What this does to the human's job

Follow the ladder up and you arrive at a change in what the person is actually for. Once an agent can write and run its own work, the bottleneck stops being production and becomes two other things: saying clearly what you want, and checking whether what came back is right.

Anthropic's own engineers have started describing themselves as managers of AI agents. One estimated their work had shifted to something like 70% reviewing and revising rather than writing new code. The split they describe is that the person decides what to build and whether it's any good, and the agent decides how. I recognise this from my own use. I use these tools as a researcher, not a developer, and the work that's left for me is deciding what's worth doing and noticing when the answer is confidently wrong. Which is the same thing I wrote about vibe coding: knowing the syntax matters less now, and what matters is knowing what to ask for and recognising when the answer is wrong.

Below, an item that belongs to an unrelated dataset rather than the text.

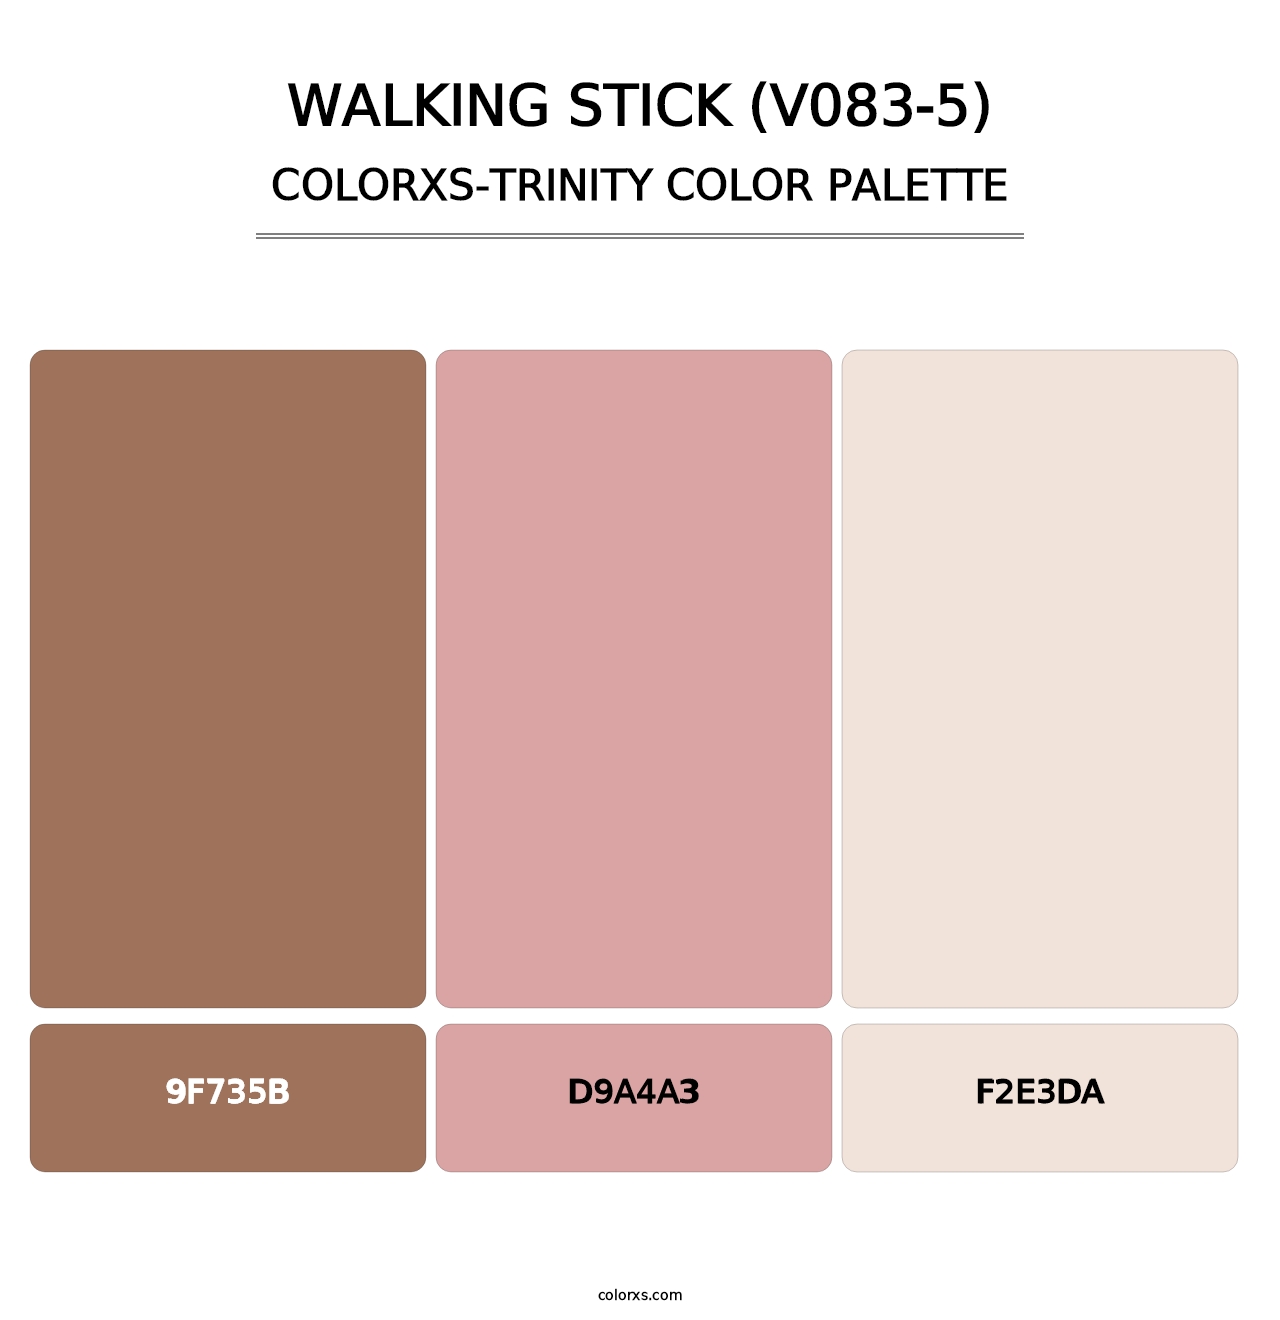 Walking Stick (V083-5) - Colorxs Trinity Palette

I'd flag, though, that "manager of AI agents" is 2025–26 industry language, not a job title anyone's hiring for yet. It's a useful description of a real shift, not a settled role.

What this means for jobs

This is where I want to refuse both of the easy stories.

Against the "AI replaces the developers" version: the best evidence I've seen says expertise gets more valuable, not less. Anthropic's own analysis found that the more domain knowledge a person brought to a session, the more the agent got done per instruction, and that verifying the work is now the centre of the job rather than an afterthought.

Against the "pure productivity miracle" version: in a careful randomised trial, METR found that experienced open-source developers were actually 19% slower using early-2025 AI tools, even though they felt about 20% faster. The authors themselves caution it might not generalise, but it's a real result, and it should puncture the more breathless claims. And the labour data isn't all reassuring either. Researchers at Stanford found entry-level hiring in the most AI-exposed jobs already measurably down.

So the landing point is somewhere in the middle, and a bit uncomfortable: this looks like augmentation with an uneven redistribution. The work shifts towards direction and verification rather than disappearing, but the people who gain and the people who lose aren't the same people.

The shape of it

Strip away the labels and the shift is simple to state. Instructing AI has moved from choosing words, to curating context, to building the system the model runs inside. And the person has moved with it, from the one writing the work to the one directing and checking it. Two of the four terms I've used here might not survive the year. The underlying change almost certainly will.

If you want one place to start, Anthropic's piece on context engineering for agents is the clearest primary source on how the thinking has moved past the prompt.